SOURCE DATA —
* * * * * * * * *
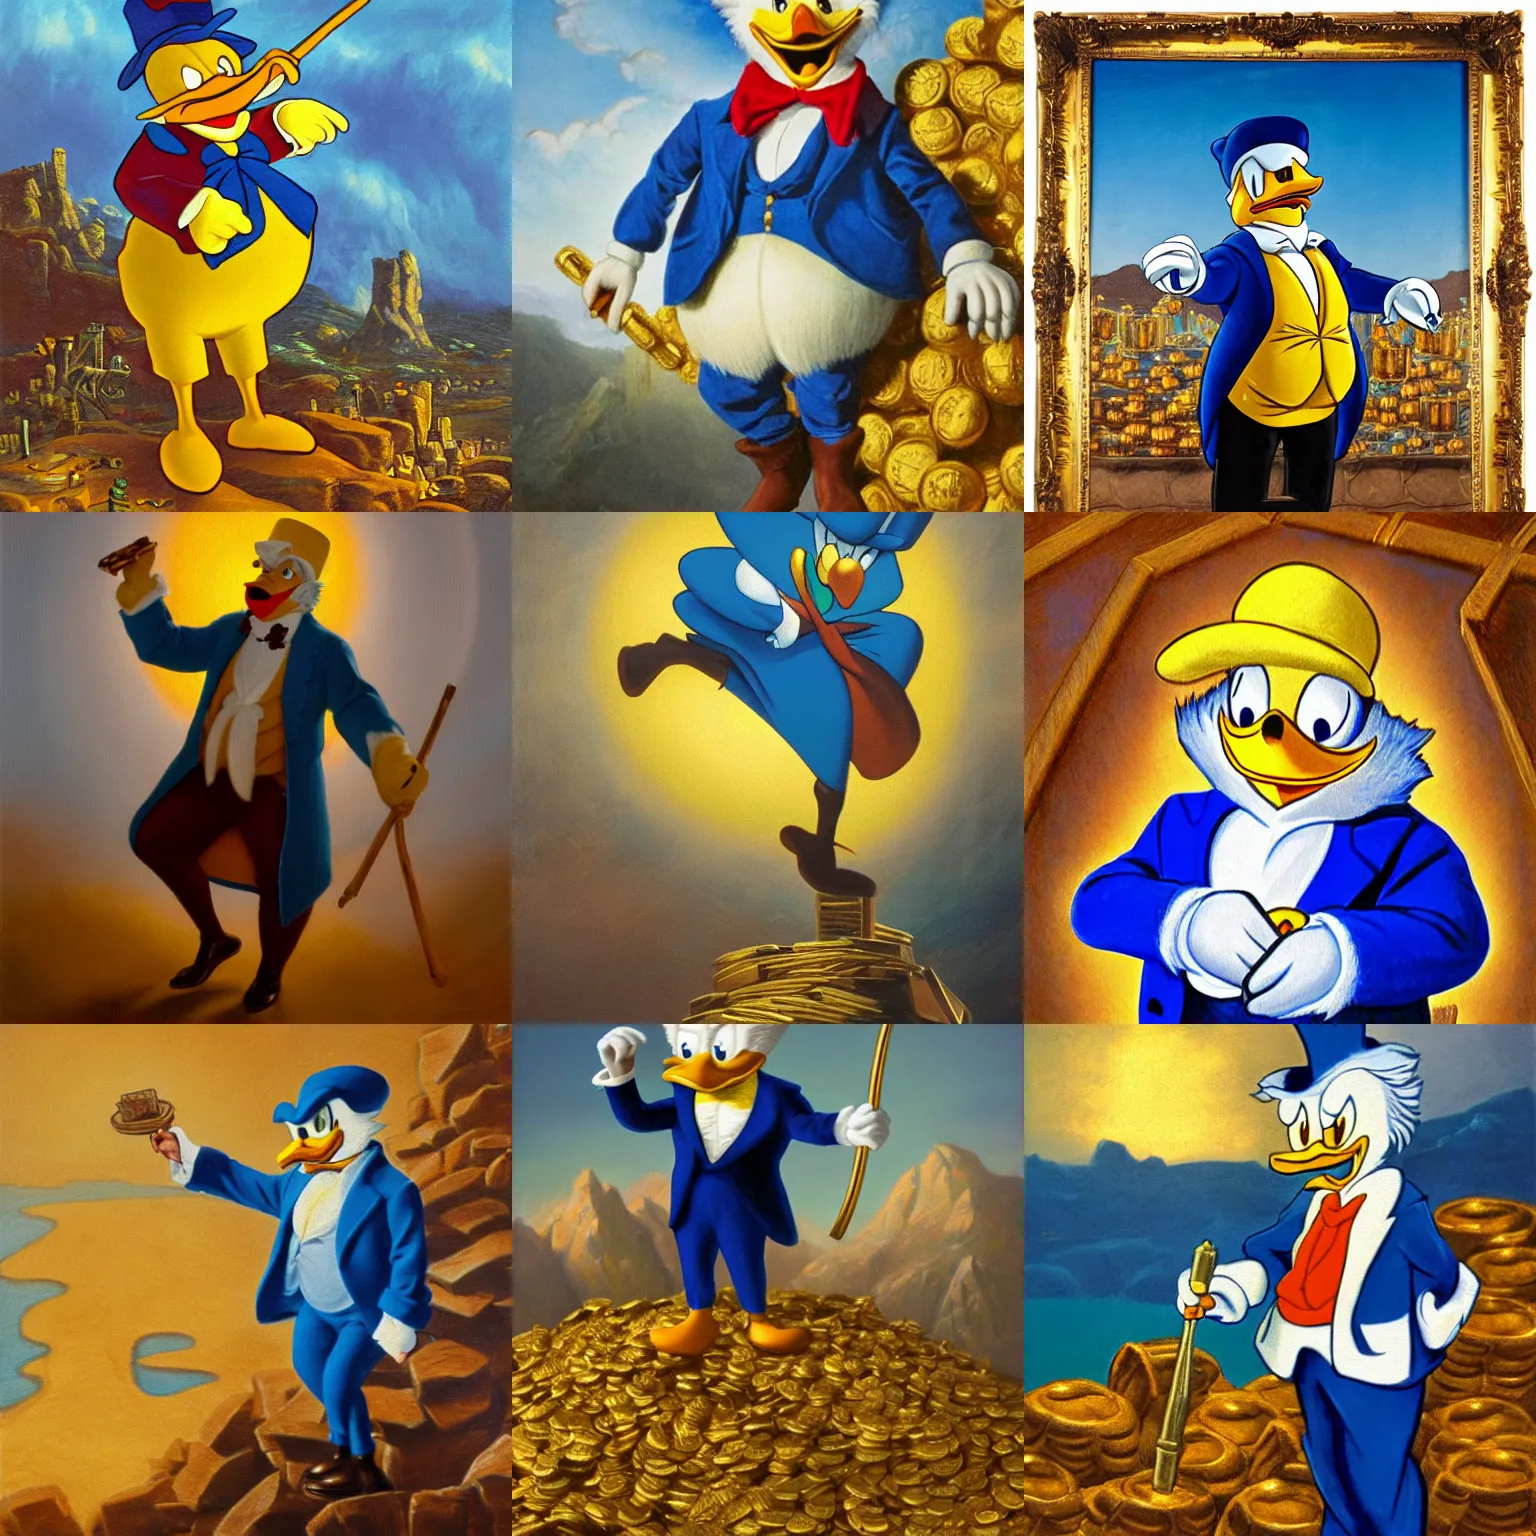 Prompt: Scrooge McDuck from the Duck Tales in blue costume standing on a mountain of gold and holding a cane, view from below, oil painting, highly detailed
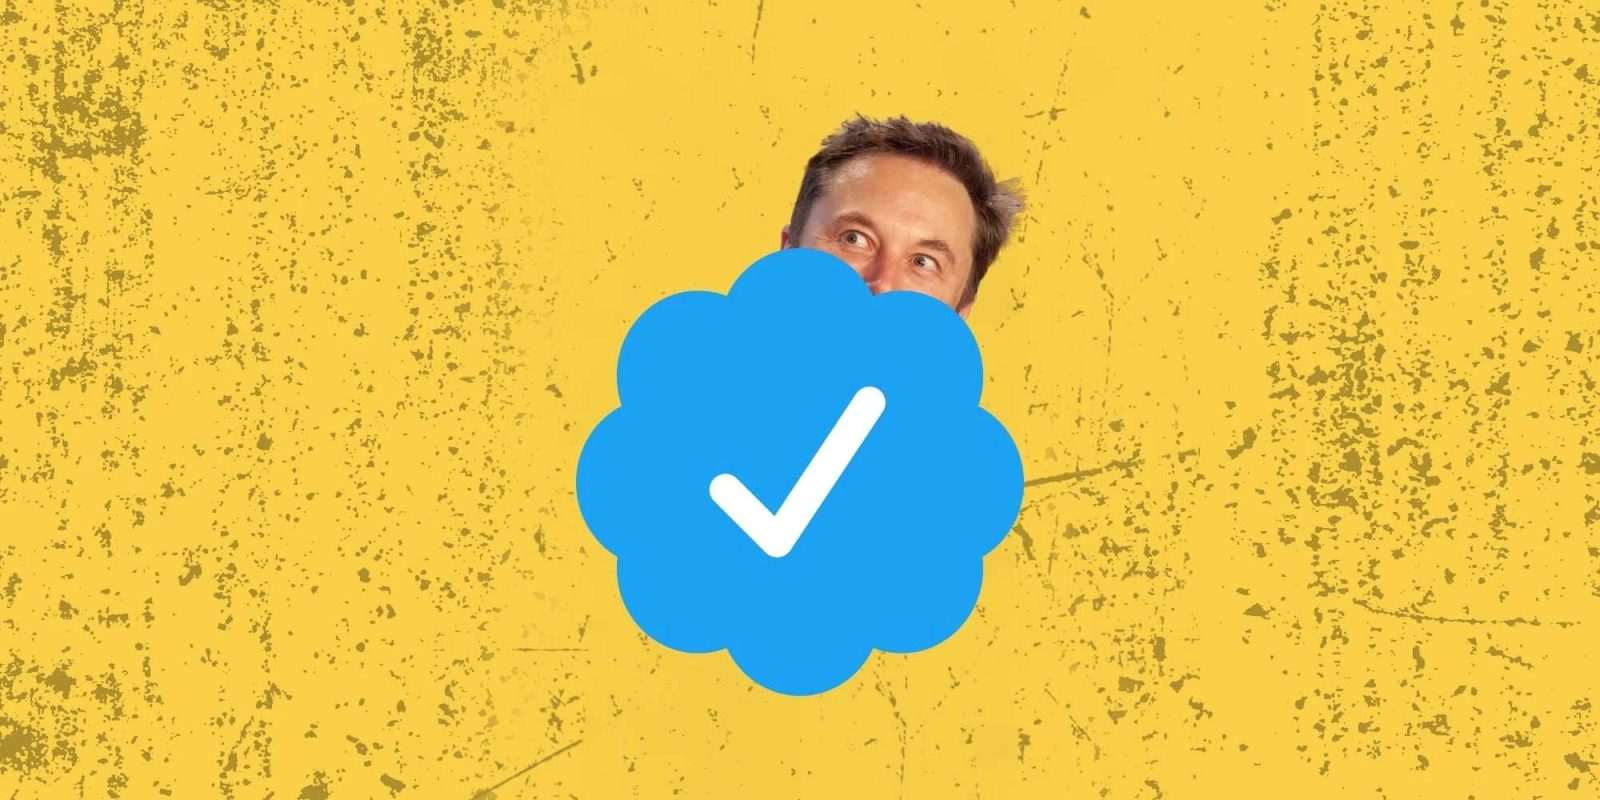 Twitter Verified (and/or Blue) checkmark logo, with Elon Musk poking out from behind it
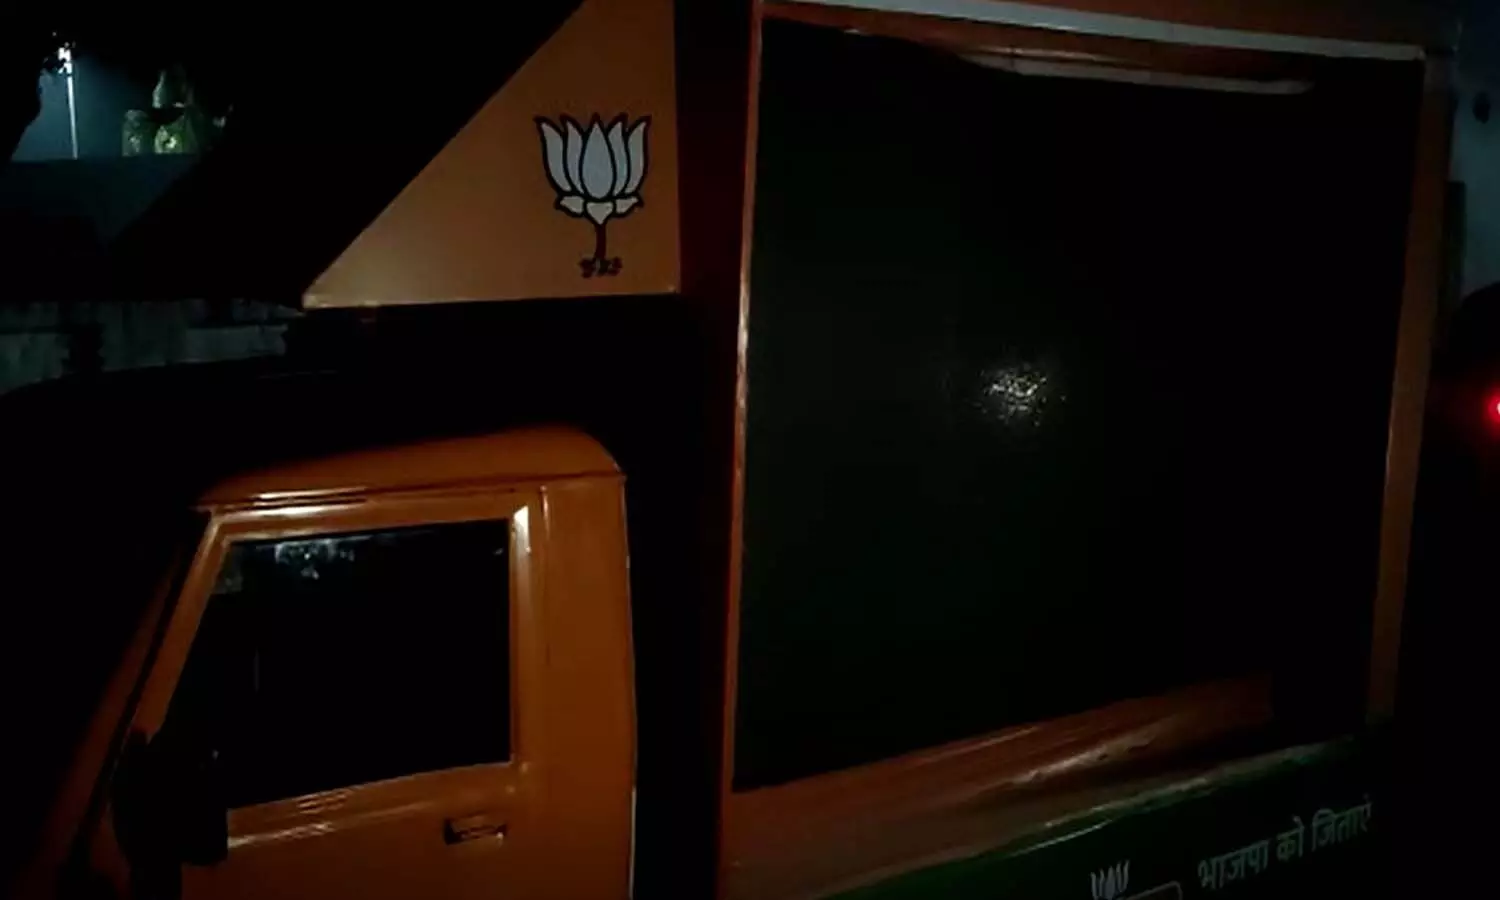 UP Election 2022: BJP candidate Mriganka Singhs campaign vehicle attacked by unknown people, driver injured in assault
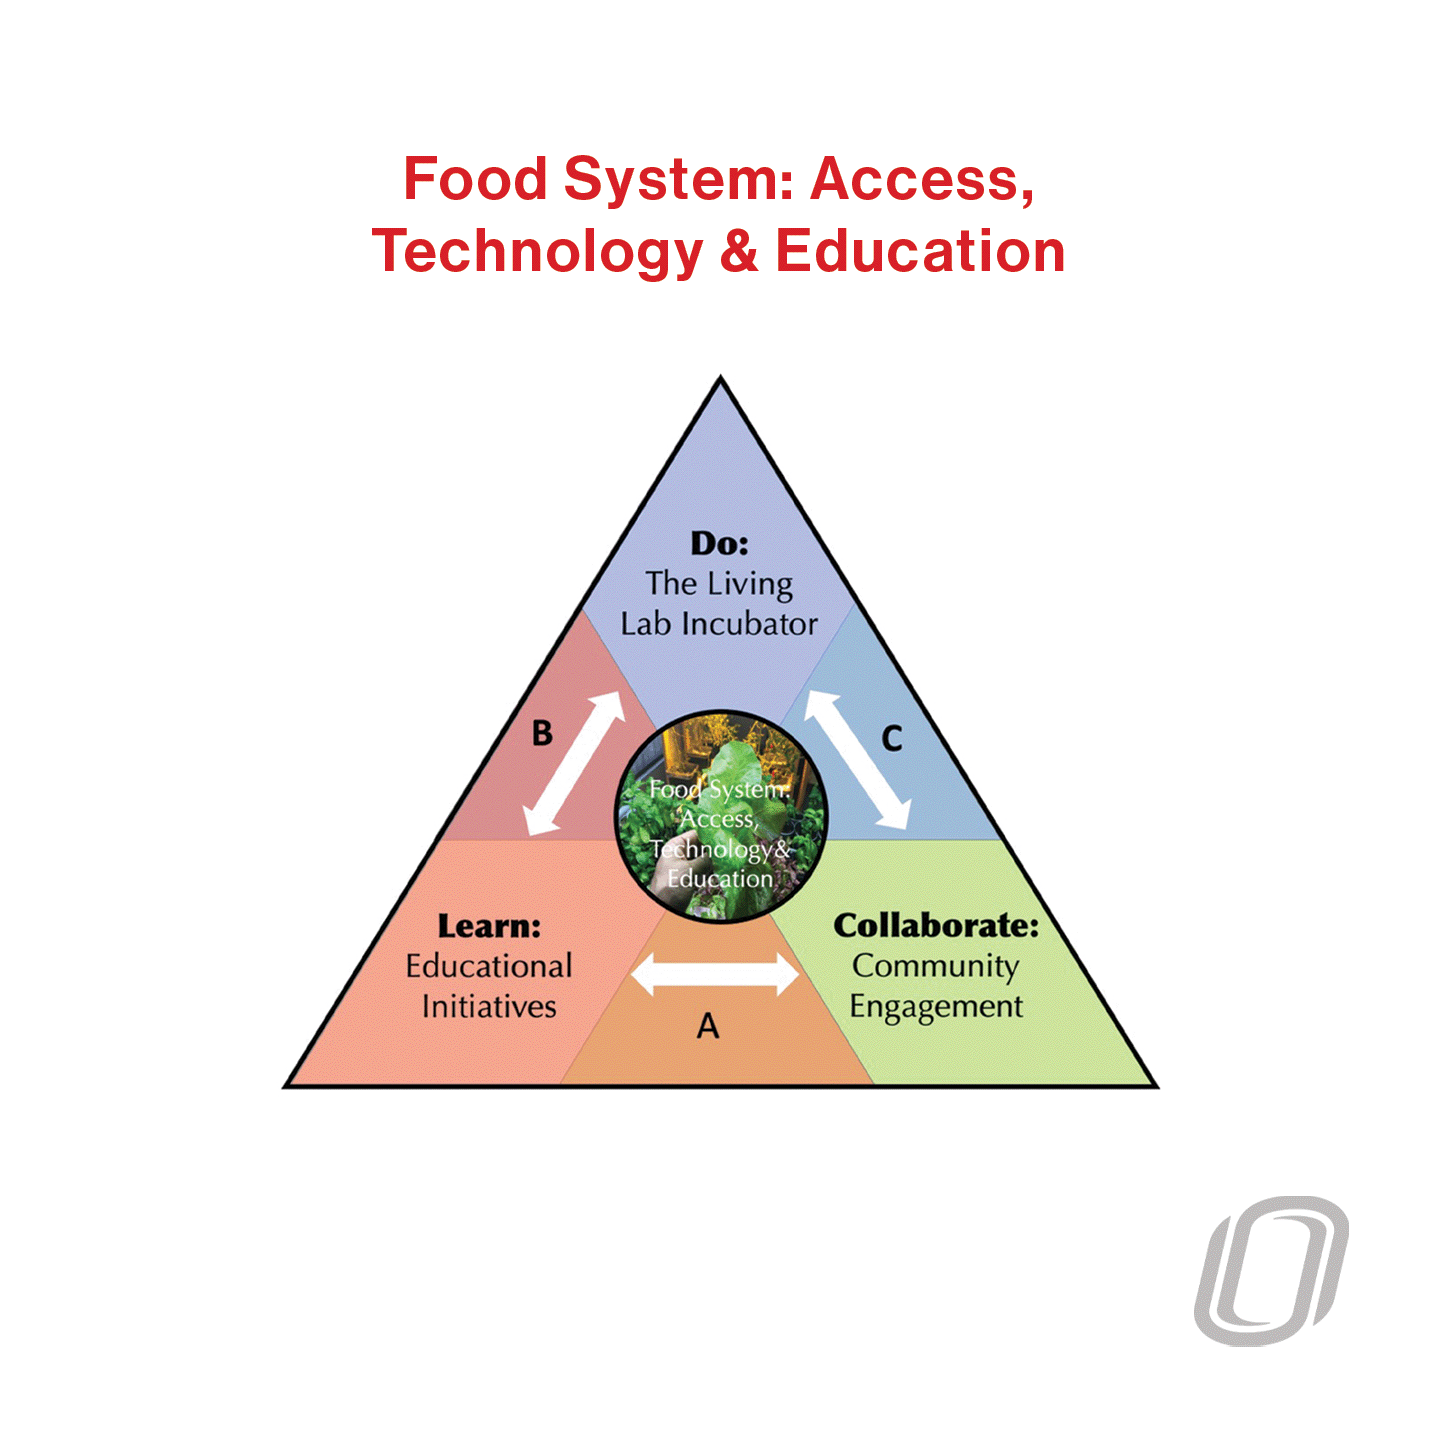 a pyramid diagram that depicts the food system using access, technology and education
* * * * * * * * *
EXERCISE OBJECTIVE —
Only the lines from the one that holds "UP Election 2022: BJP" through the final line of the material should be reproduced, word for word, with the pictures omitted.

RESULT OF THE EXERCISE —
 UP Election 2022: BJP candidate Mriganka Singhs campaign vehicle attacked by unknown people, driver injured in assault
 a pyramid diagram that depicts the food system using access, technology and education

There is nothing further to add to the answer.